Top of DATA EXTRACT

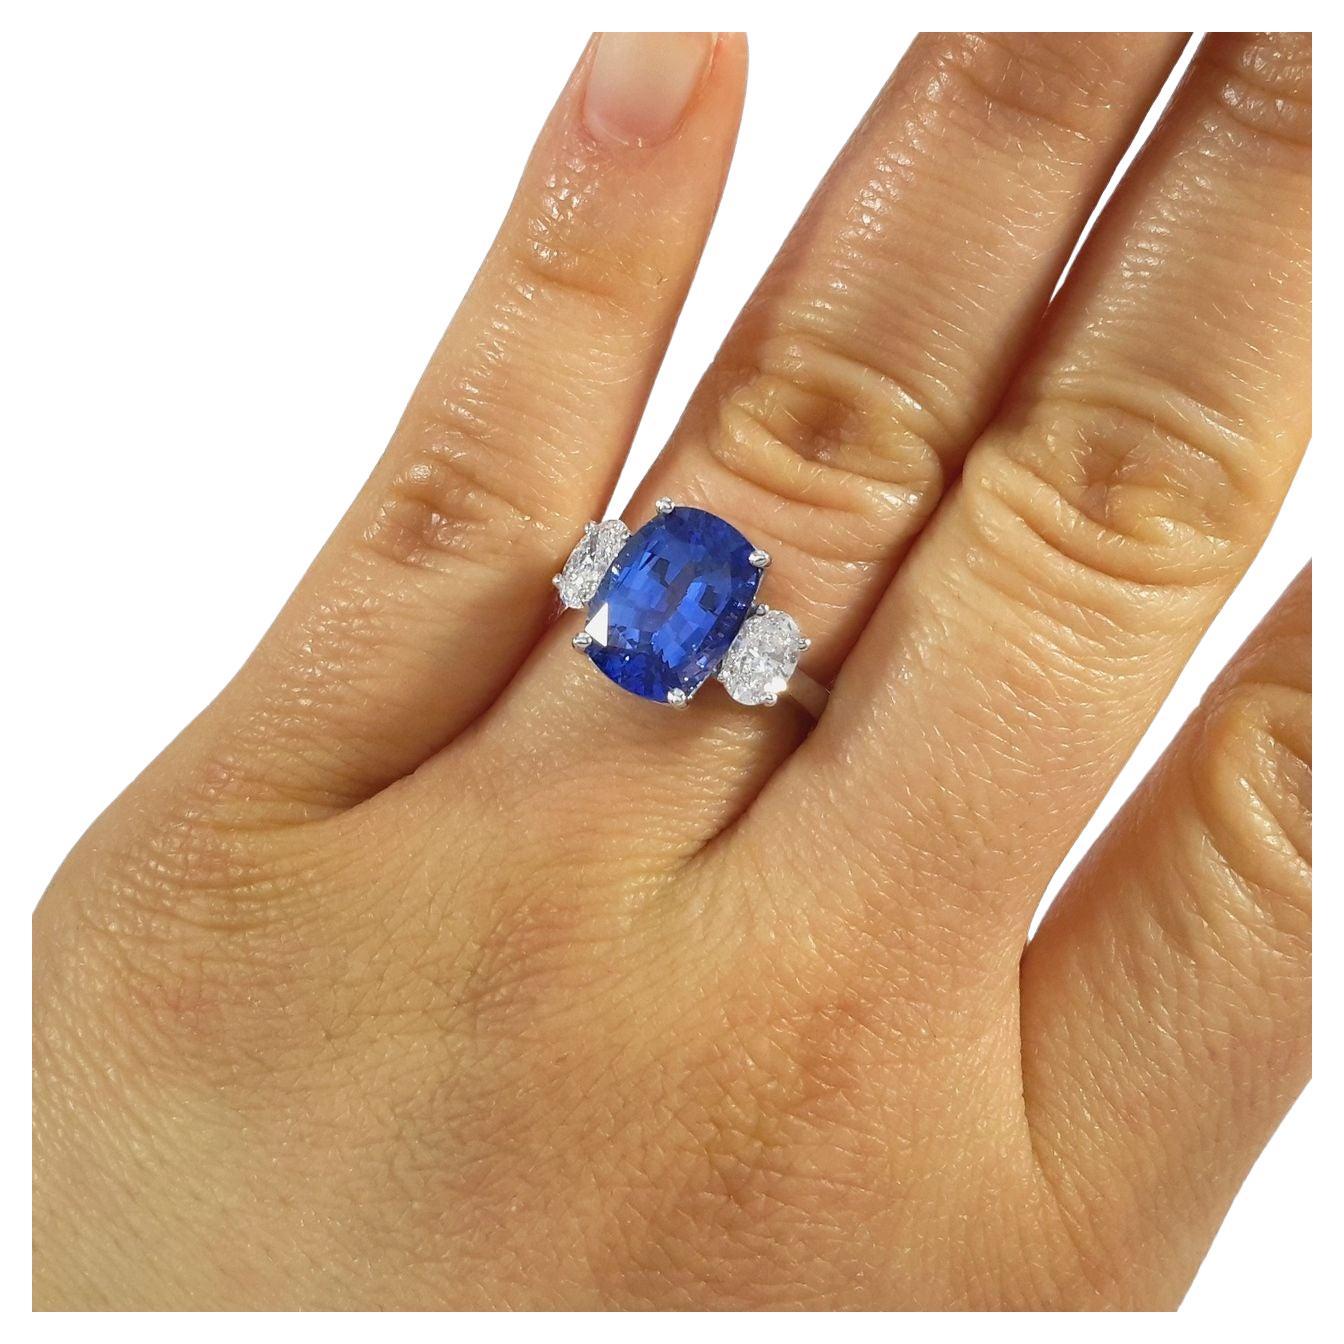 This exquisite 5 carat blue sapphire cushion-cut diamond ring features a stunning center stone that is GIA certified, ensuring its quality and authenticity. The sapphire's intense blue hue is mesmerizing and is further enhanced by its cushion cut,
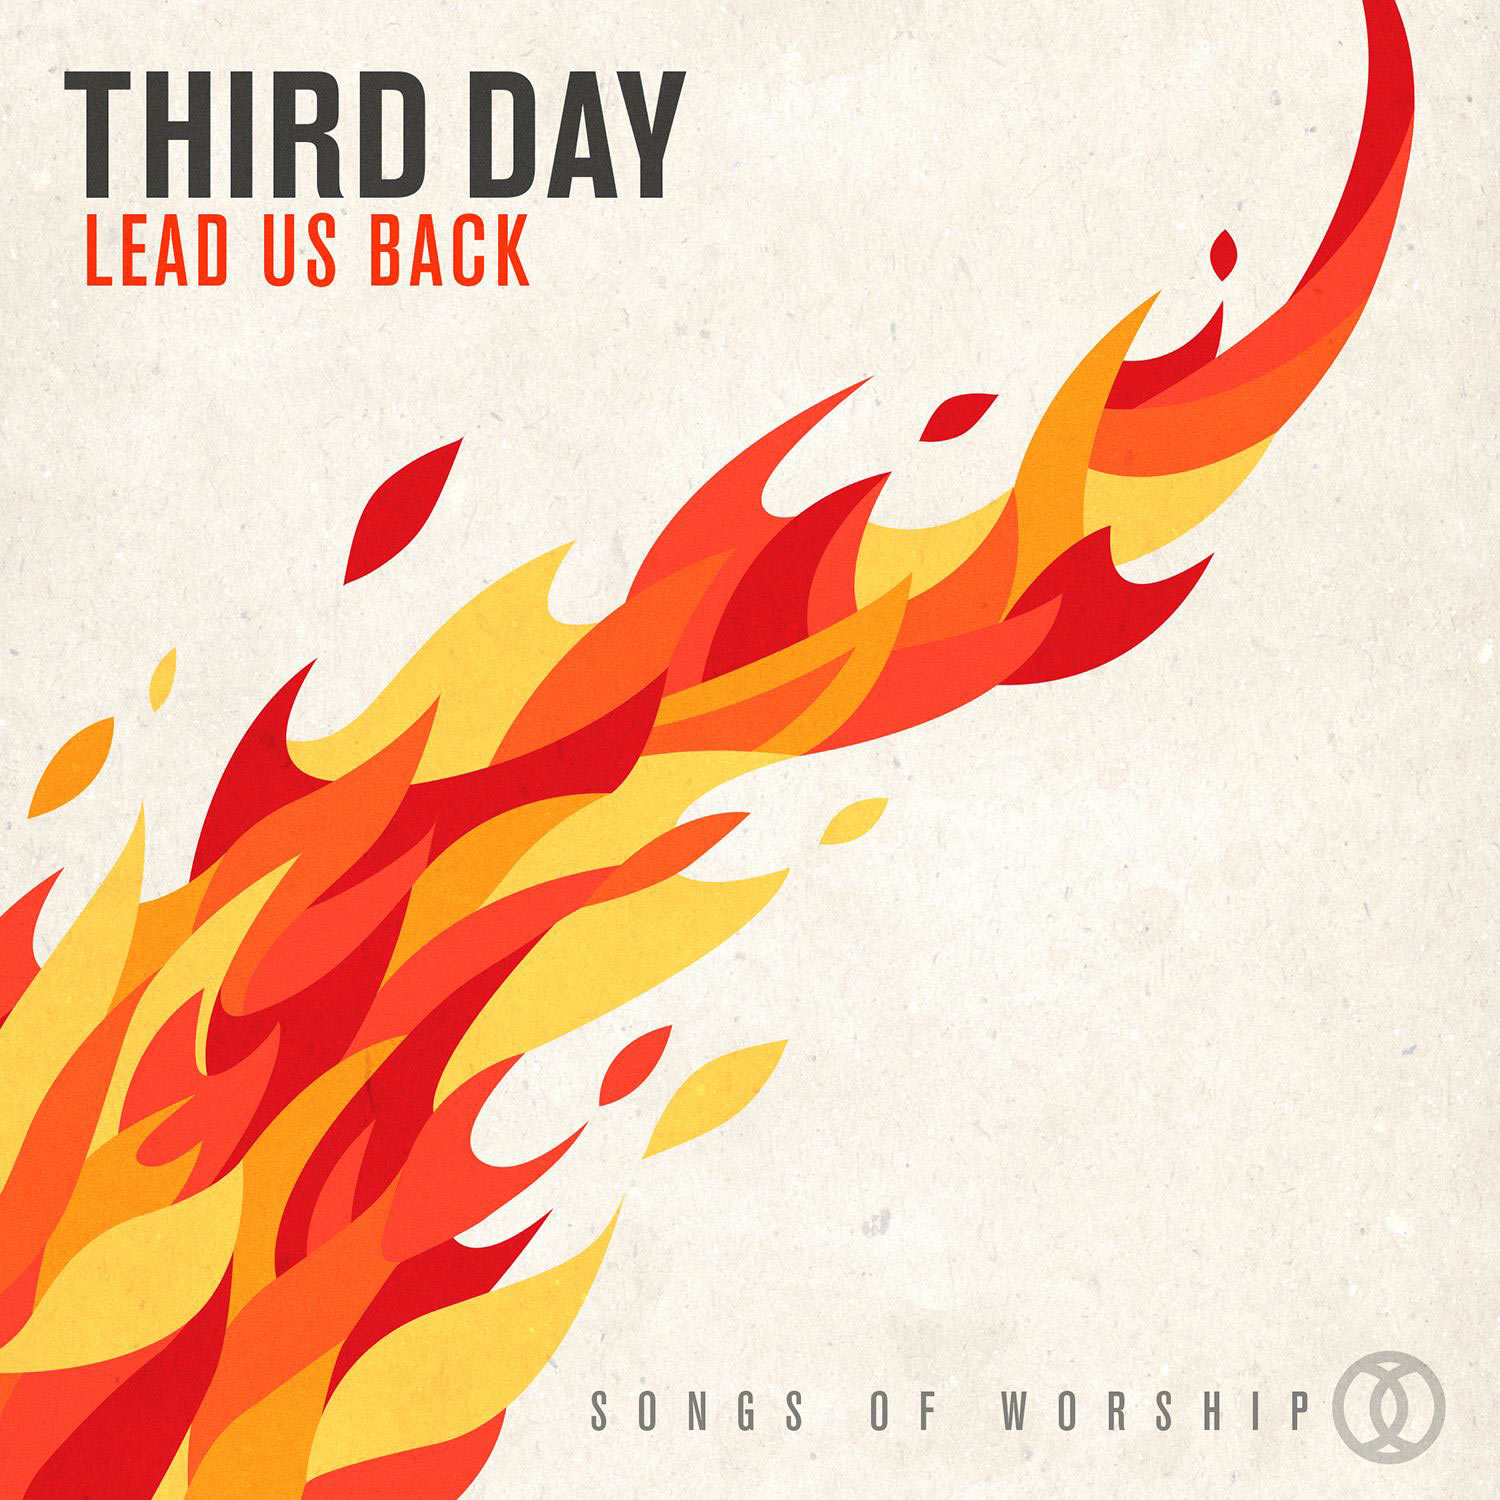 THIRD DAY LEAD US BACK
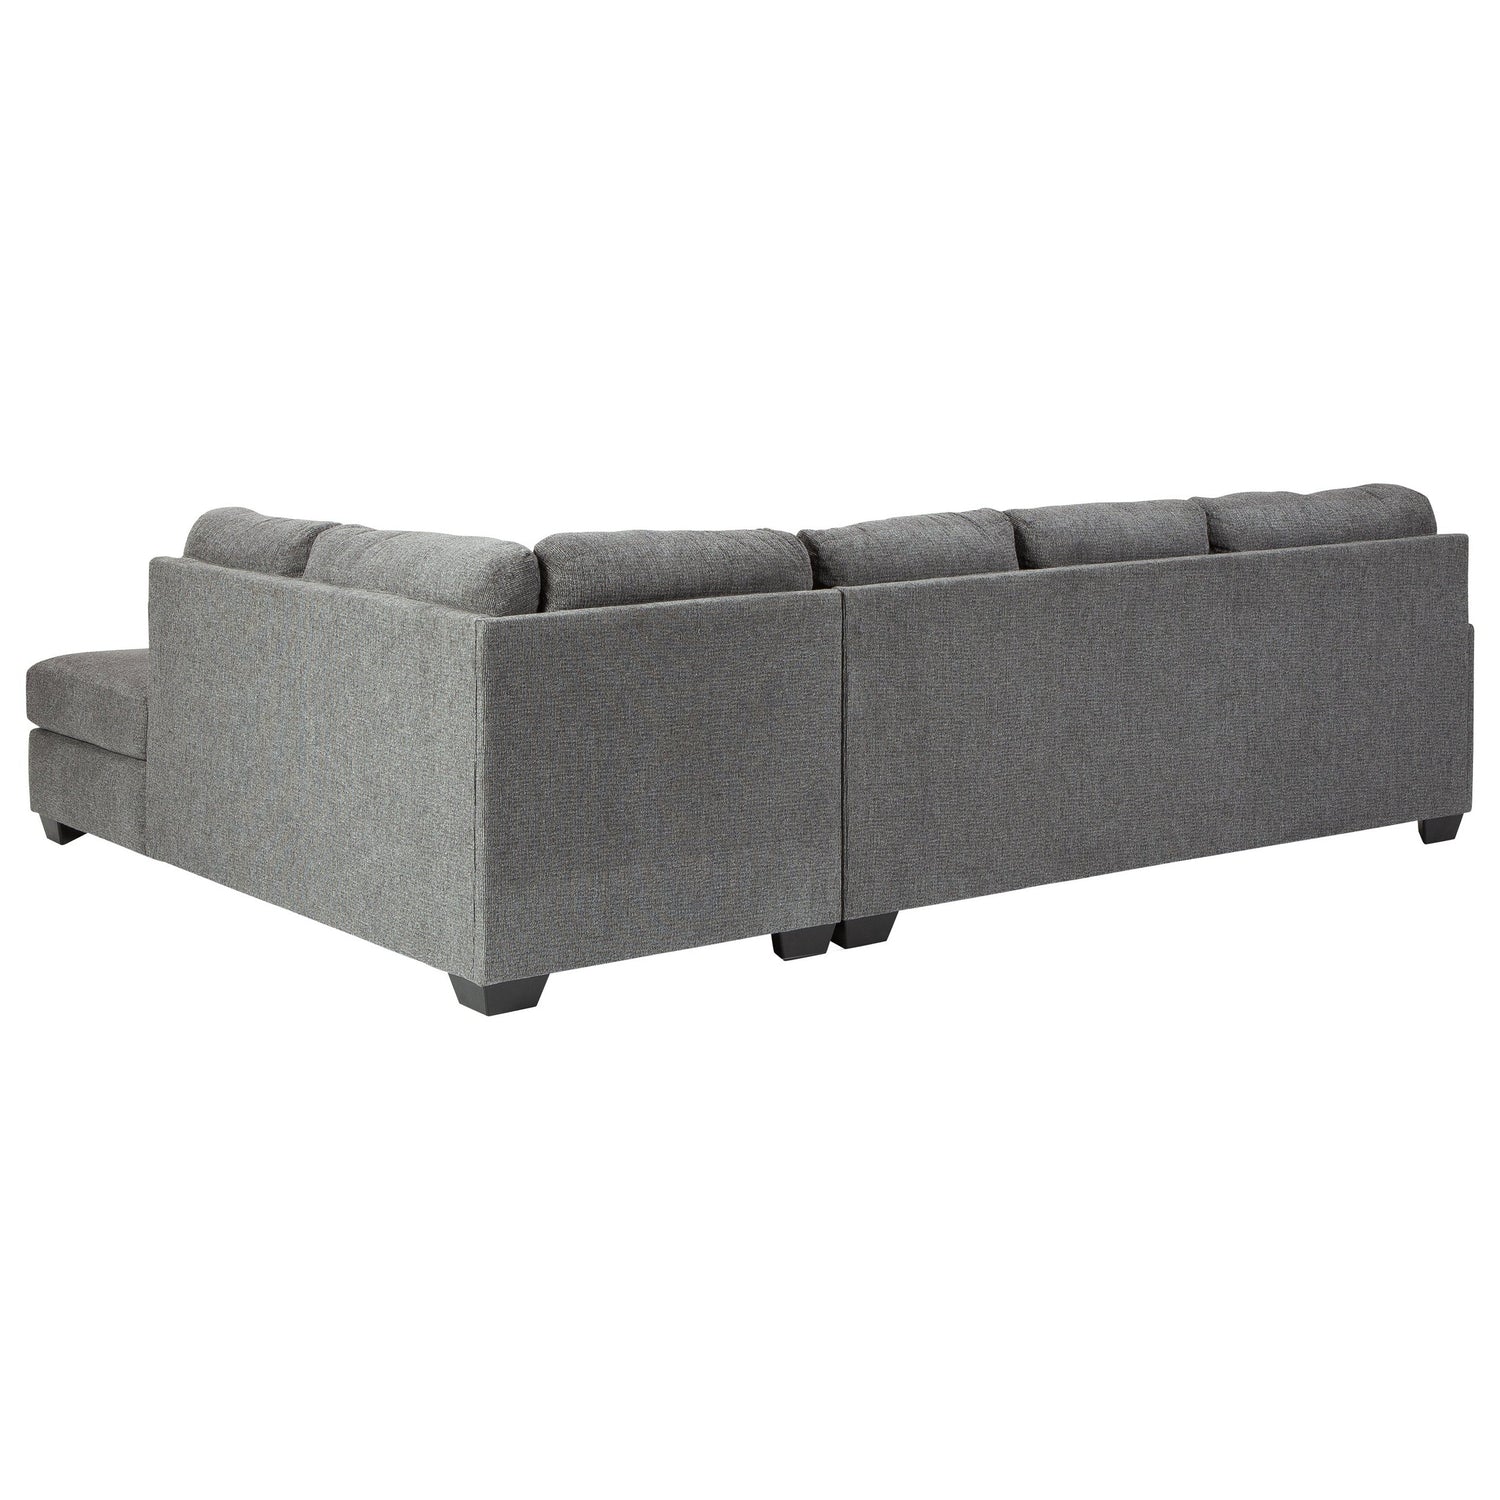 Dalhart 2-Piece Sectional with Chaise Ash-85703S2
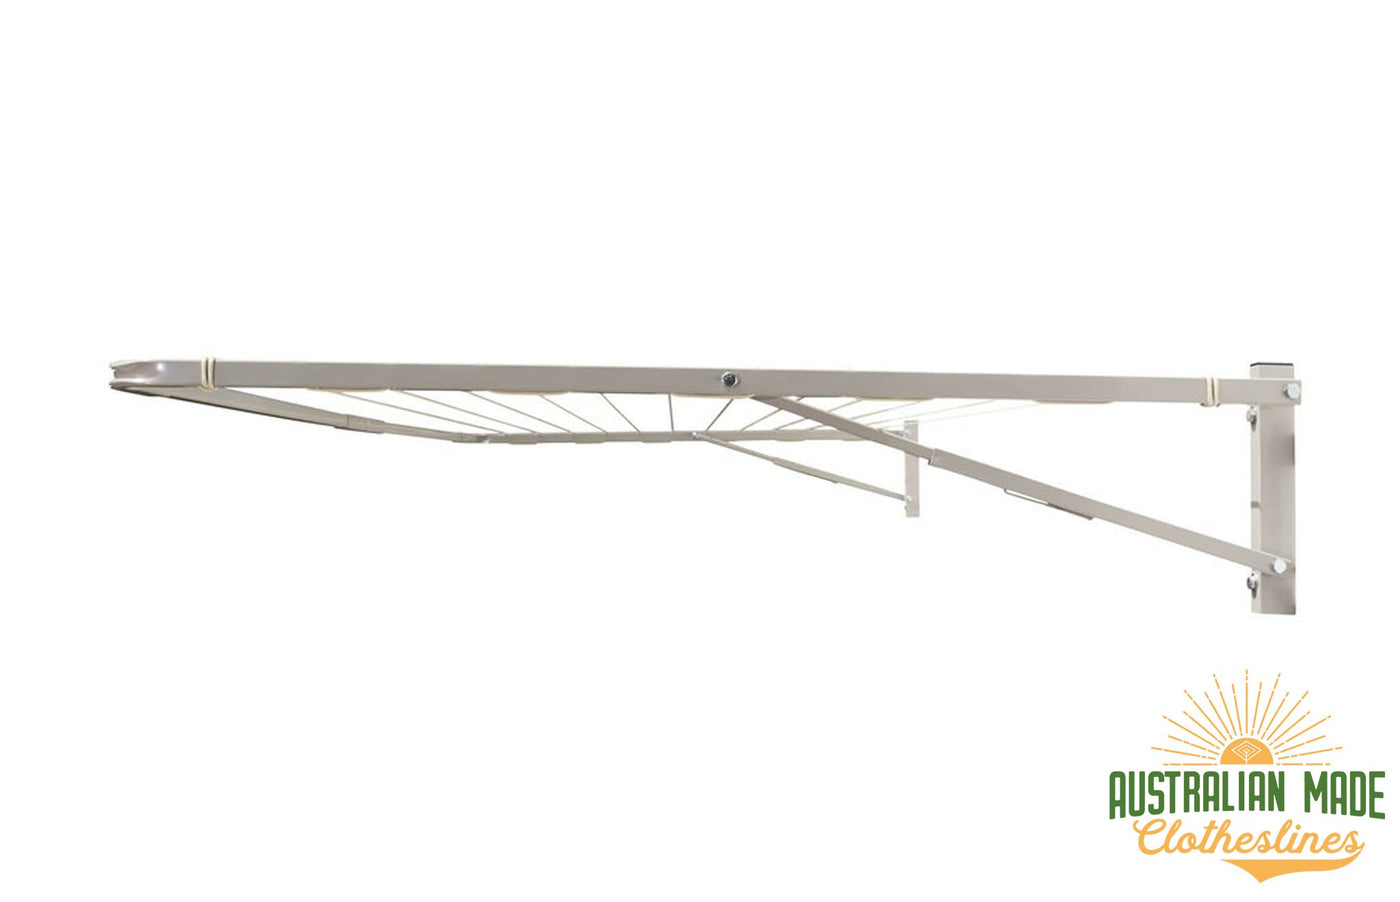 Eco 300 Clothesline - Surfmist Right Side View - Australian Made Clotheslines

Bottom of DATA EXTRACT

→ EXERCISE
What you output must be exactly the lines from the line with "THIRD DAY LEAD US BACK" through the last line of the listing, pictures excluded.

→ EXERCISE SOLUTION
 THIRD DAY LEAD US BACK
 Dalhart 2-Piece Sectional with Chaise Ash-85703S2
 Eco 300 Clothesline - Surfmist Right Side View - Australian Made Clotheslines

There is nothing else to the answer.